Weather in the Courtroom
– Review by Daryl O’Dowd MSC ACM CO, Consulting Industrial Meteorologist (odowd@weatherdyne.com) –
Book by William H. Haggard, Published by the American Meteorological Society, Paperback 201 pages ISBN 978-1-940033-95-2, $30.00 –
For fans of the television series Law and Order, “Weather in the Courtroom” is the weather book for you. Start with a weather-related crime (or accident), follow it with the gathering of evidence, a jury trial – often with combative lawyers and breath-holding evidence, and then wrap it all up with a verdict. Add in the twist that the gumshoe detective collecting evidence isn’t a brash badge-wearing Sergeant Friday, but instead a conscientious details-oriented meteorologist, often helicoptering into the scene months later, sniffing the wind and then tunnelling through tomes of weather data. All together you get a very different take on classic courtroom drama. Here the weather is brought inside and put on the stand.

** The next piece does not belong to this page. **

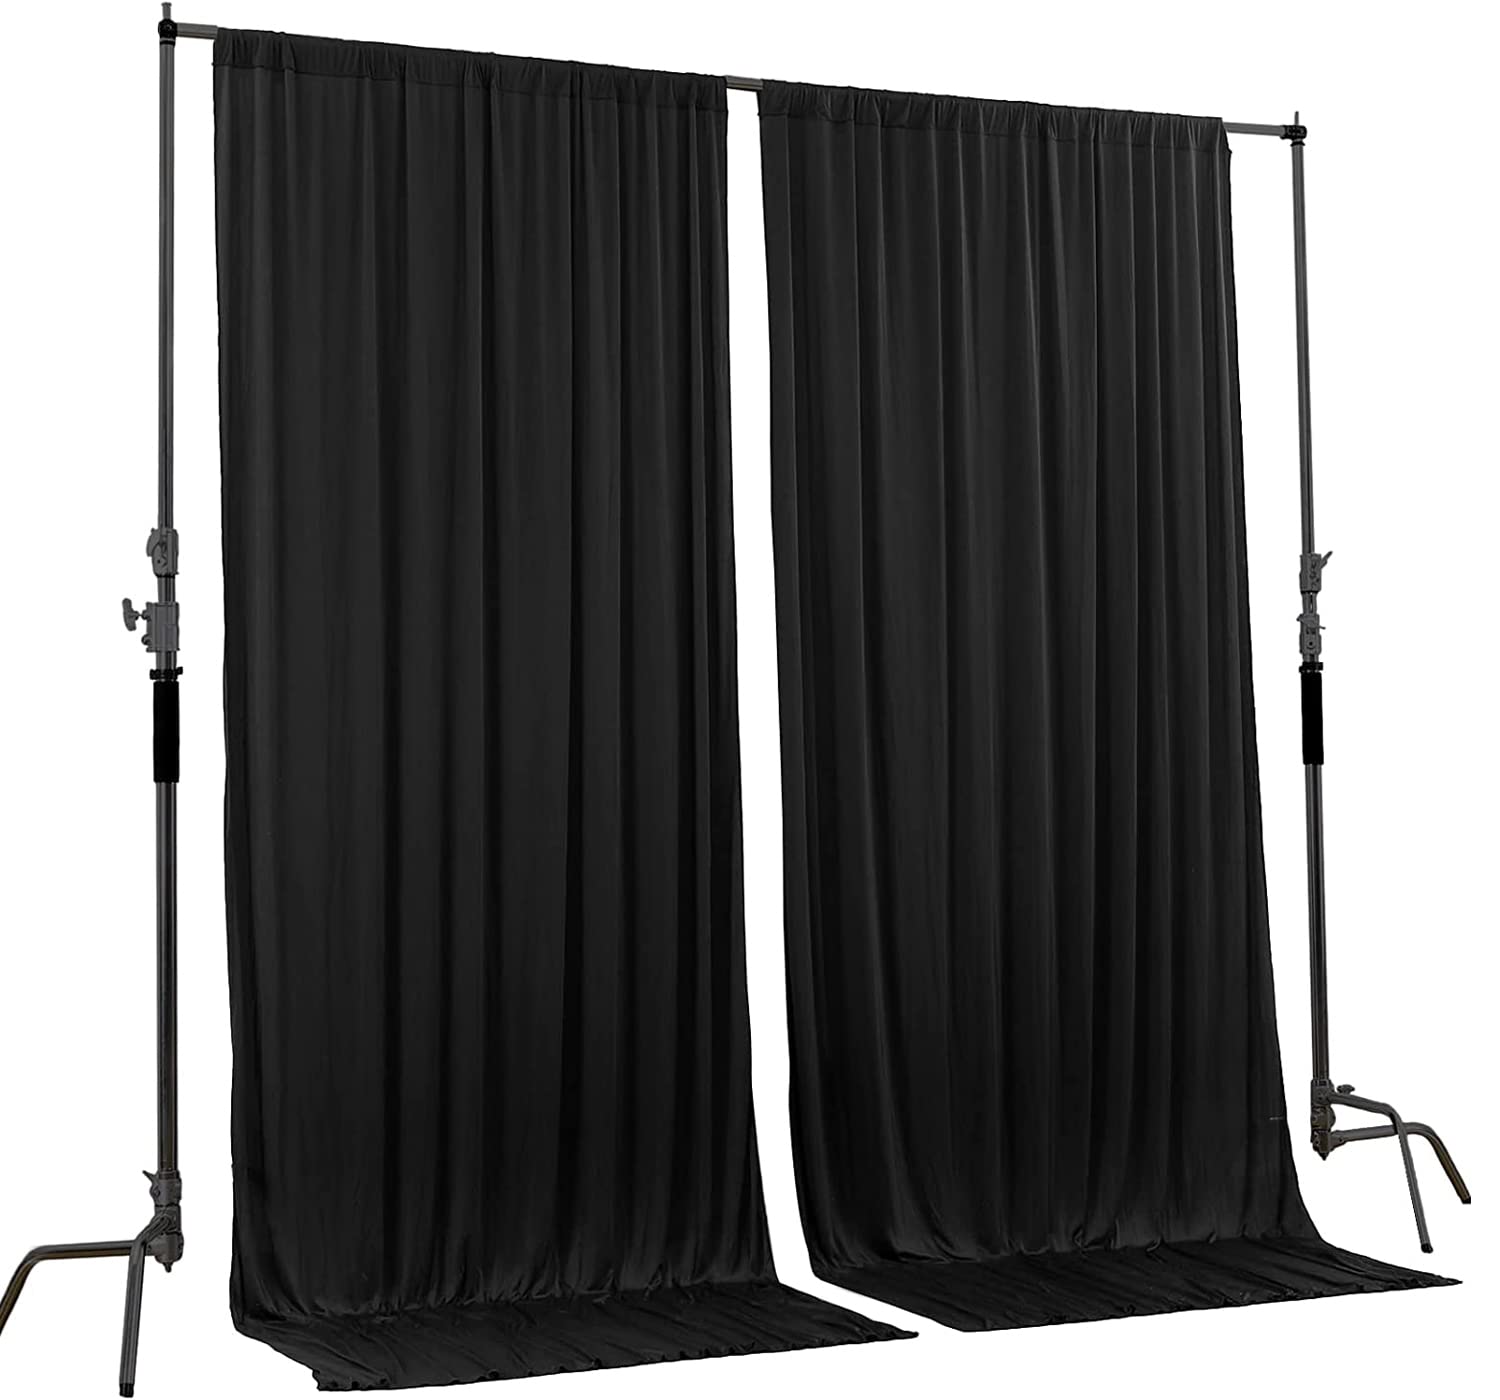 AK TRADING CO. 10 feet x 10 feet Polyester Backdrop Drapes Curtains Panels with Rod Pockets - Wedding Ceremony Party Home Window Decorations - Black

The 96 year old author – whose meteorological career stretches back to World War Two – picks a wide variety of cases covering his 26 years of practice after retirement from NOAA. To his credit he includes cases that didn’t always go his way (or rather the way his client would have preferred). Each chapter deals with an accident or crime associated with a different weather phenomena, starting with the 1972 loss of a light aircraft in Alaska carry two Congressmen – an investigation which brought the author into the business – and then covers everything from fog-induced road accidents to counting the number of tornadoes at a ski lodge (with Ted Fujita’s help).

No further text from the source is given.